Dr. Scott W. Schmucker, Zyvex Labs, Richardson, Texas
Atomically-Precise Engineering of Low-Dimensional Systems
As ultra-precise manufacturing technology scales to its atomic limits, we transition into the realm of digital matter and novel composite materials while enabling a burgeoning array of quantum, electronic, and photonic devices. In this talk, we explore several fabrication technologies which enable atomic- precision while elucidating the fundamental science and the engineering applications motivated and enabled thereby. We first compare several related two-dimensional material systems: graphenic materials and hyperdoped delta layers in silicon, each of which can be chemically and lithographically engineered or combined to form van der Waals and covalent delta-doped heterostructures. We explore the influences of interlayer coupling, interfaces, and defects in layered systems.

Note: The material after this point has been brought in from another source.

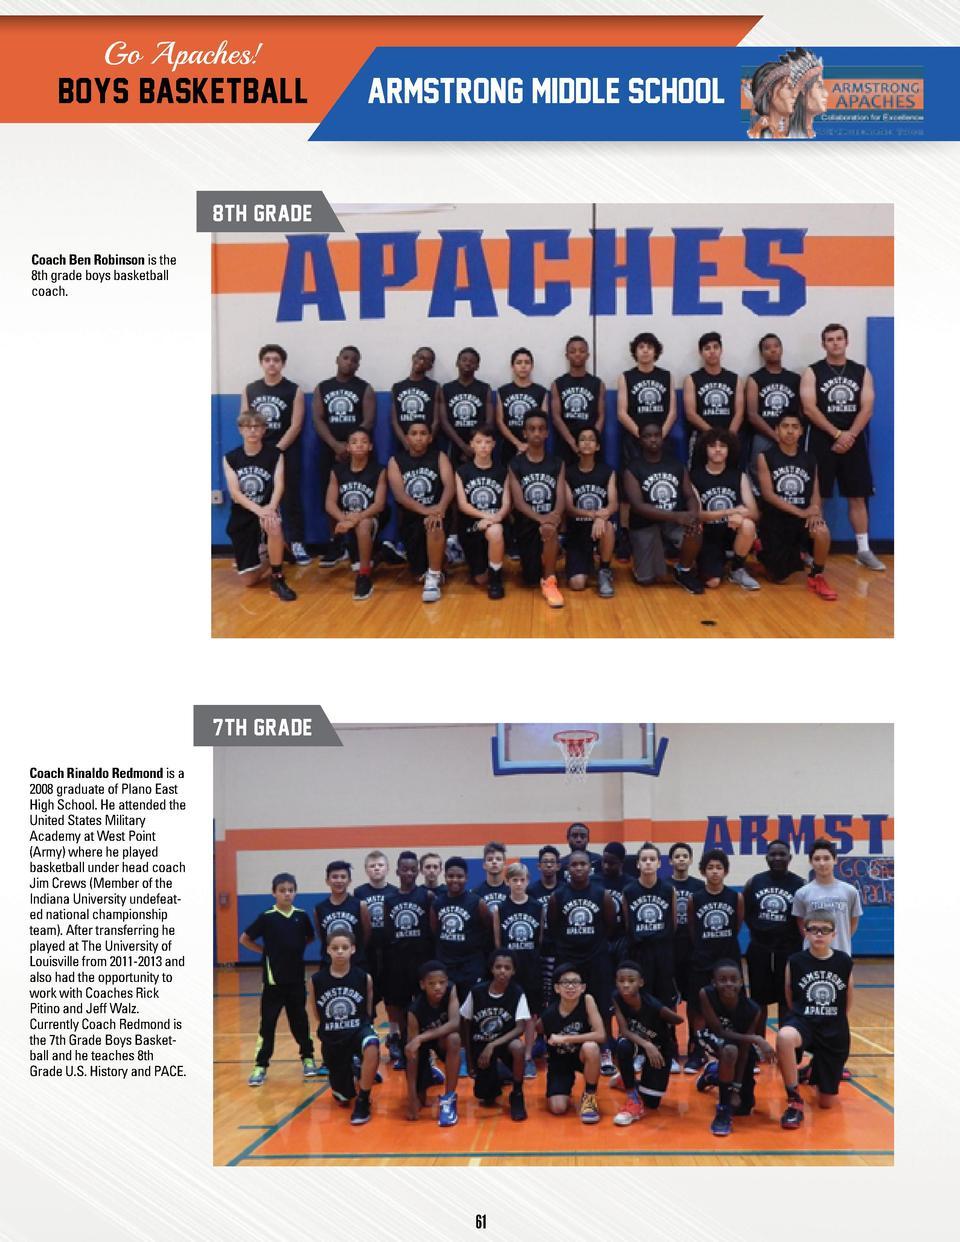 Plano East Basketball Game Progr : simplebooklet com

We will then expand our discussion beyond layered systems and extend atomic precision into three dimensions. Discussion will focus on scanned probe lithography for the fabrication of donor atom quantum devices in silicon and recent efforts to expand these devices to include acceptor dopants and to enable three-dimensional architectures. We discuss the physics and fabrication of donor atom qubits in silicon, and through a combination of scanning tunneling microscope-driven lithography and Zyvex engineering, we demonstrate the scaling of manufacturing precision to the atomic scale
Daniel Diermeier, University of Chicago
The talk will discuss models of elections from game-theory to statistical mechanics. I will discuss their relative strengths and weaknesses and their ability or inability to explain voting behavior in mass elections.